The Assembly of Godwomen
It was not the yipping of coyotes that carried the Werthers into Bisbee, Arizona, as the sun slid its palm across the Mule Mountains. What swept them along was the bleating of their not-quite-two-year-old son Mitchell. “Mommy. Mommy. Mommy.” Sonya had to pee. She’d had to pee since they landed in Phoenix but didn’t want to slow them down. She’d collected the suitcases, three of them, plus the huge car seat and the Kamper Kids backpack, loaded them onto the luggage cart and pushed it 20 feet, going back to fetch Mitchell in the stroller, then pushing him 20 feet ahead of the luggage, and then going back again, ridiculously leap-frogging her way over to the car-rental counter and her husband. The heat in the car-rental lot was suffocating, and Sonya and Douglas just wanted to get the hell out of their jeans and socks and put some time between them and Phoenix.
They had not taken a vacation since going camping in southern Illinois when Mitchell was three months old. Back then they had a mantra: We will not be held captive by this child. It had been hot as hell in the Cherokee National Forest too, and after four days they cut the trip short, tired of huddling every night at 7 p.m. in a stuffy tent away from the mosquitoes. Before that trip camping had meant campfires and getting stoned and soulful conversations about — what? Sonya could not remember. The droning in the back seat continued: “Mommy. Mommy. Mommy.” And every once in a while a desperate strangled, “Milk. Milk,” referring of course to her breastmilk, which she once would have climbed over the seat and bared her breast and torqued her back to offer her son. But now she just wanted to get to Bisbee to pee and have some peace, to somehow get to the moment when Mitchell was asleep and she and her husband could sit, alone, and return to themselves before going to sleep too.
She did not even know if there were coyotes in Bisbee, though there surely must be. It was the desert. Arizona. The West. She had not read up on the place, had not immersed herself in a novel set in southeastern Arizona, as once she would have done before a vacation. She no longer had the time. Mitchell did not want apple slices, he did not want cheese, he did not want water, he did not want to drink the orange juice from anything but the bottle it had come in, and he did not know how to do that without spilling it. As she squatted to relieve herself into the sand on a side road, she watched the sun and the shadows on the mountains and willed a wrinkle in the road, to go from here to there now.

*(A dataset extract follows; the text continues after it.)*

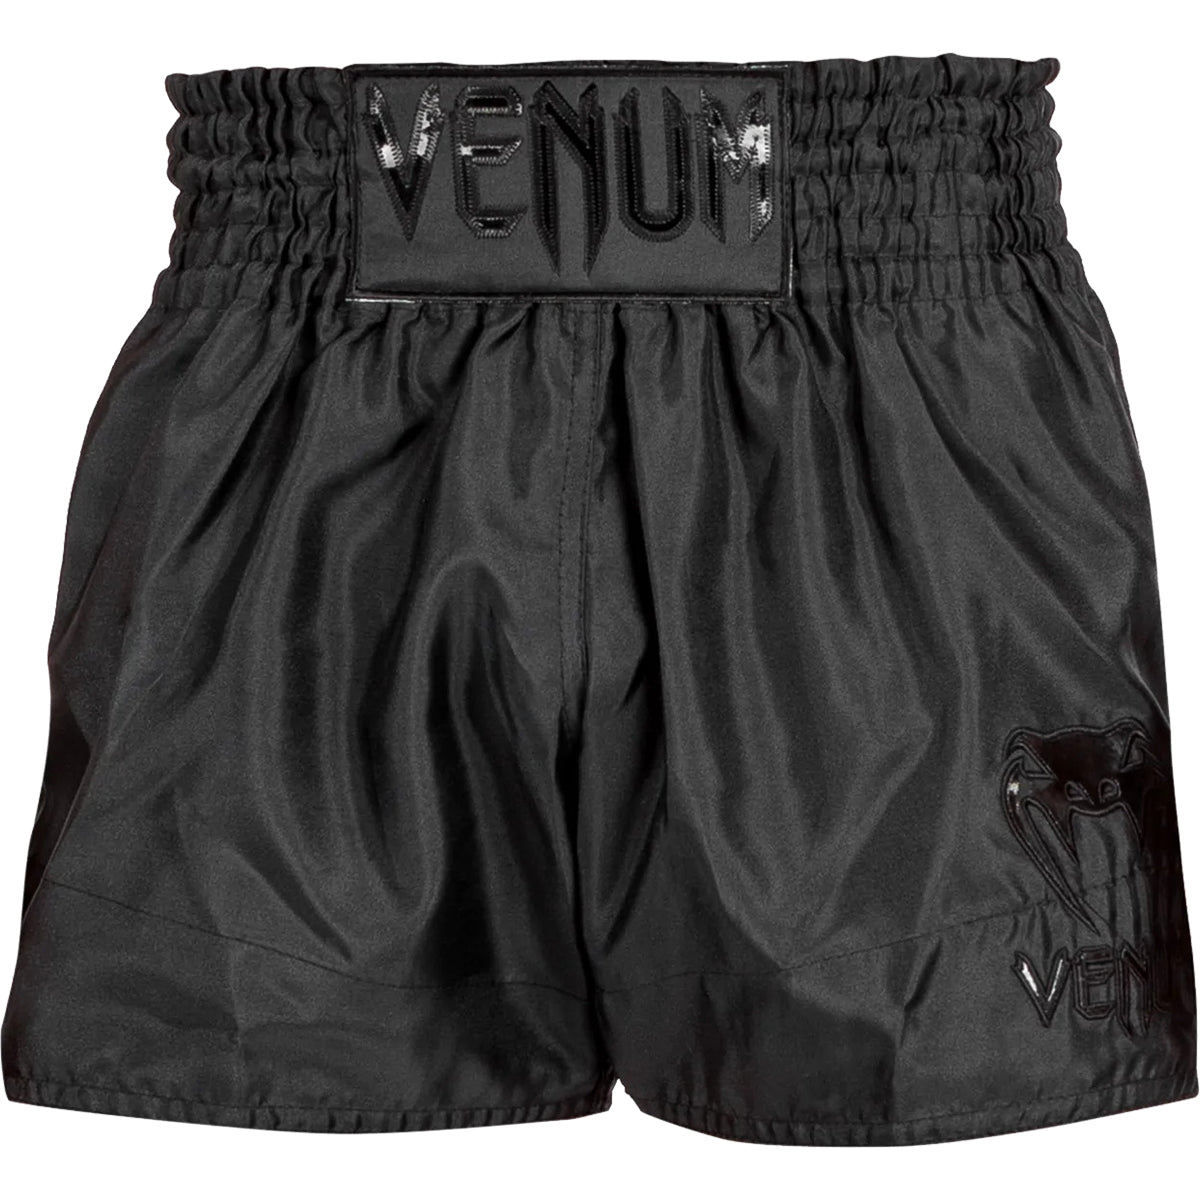 Venum Classic Muay Thai Shorts - Black/Black Venum

Later, after they’d arrived at the guest house in Bisbee and their son was asleep, Douglas walked down the hill in search of food and wine. Sonya stood on the back porch and looked down at Bisbee: ten or twelve street lights hovering above a gulch. The town touted itself as a mile high; the houses clung to the sides of the mountains. “You fucking pussy,” someone in the distance below yelled as the sky pinked and then purpled and then indigoed and then became dark, save the holes poked in it by the stars, which weren’t as clear as she’d hoped when she had planned this trip in mid-winter Chicago. Or perhaps her contacts were just dry.
Douglas returned with a cheap bottle of red wine and foil-wrapped plates of tacos al corazon from a street vendor. She did not correct his Spanish, ate the charred chunks of flank steak and shaved cabbage rolled with slivers of red onion and lime in fresh tortillas. The wine with the chilis made a log of her tongue. They slept on either side of Mitchell, who slept soundly, his head in his father’s armpit and his feet cold as stones punching Sonya in the chest. Before Mitchell was born she had loved to have her breasts fondled and sucked. Now her nipples were distended and sore all the time. If she lay on her side, they spilled out so far that Mitchell could step on them without trying, a fact that horrified her and which she joked about with her friends who were also now in their mid-30s and breastfeeding toddlers and no longer writing for magazines or cataloging East Asian esoterica or studying the sustainability of quinoa as a crop, or whatever they did before. Sonya didn’t even know what some of her friends used to do.
~
The next morning Mitchell woke them at 4:40am, thrashing around and yelling “No!” and “Milk!” until she lifted her shirt and obliged. He crashed back to sleep across her neck, crushing her trachea until she could take it no more and turned her head, waking him for good at 5:15. Thirty minutes of milk and twenty minutes of trying to coax him to find his books and read quietly got them out of bed at 6 a.m. They made a pot of jasmine tea in an unwieldy, pink Fiestaware teapot. “Pee tot. Pee tot,” Mitchell said. As he wriggled in his white jammies with the blue and red whales, Sonya’s irritation dissolved. He was to be kissed and cuddled and tickled and loved, no matter how many times at 5 a.m. she wanted him simply to disappear and let them return to their single-but-married life.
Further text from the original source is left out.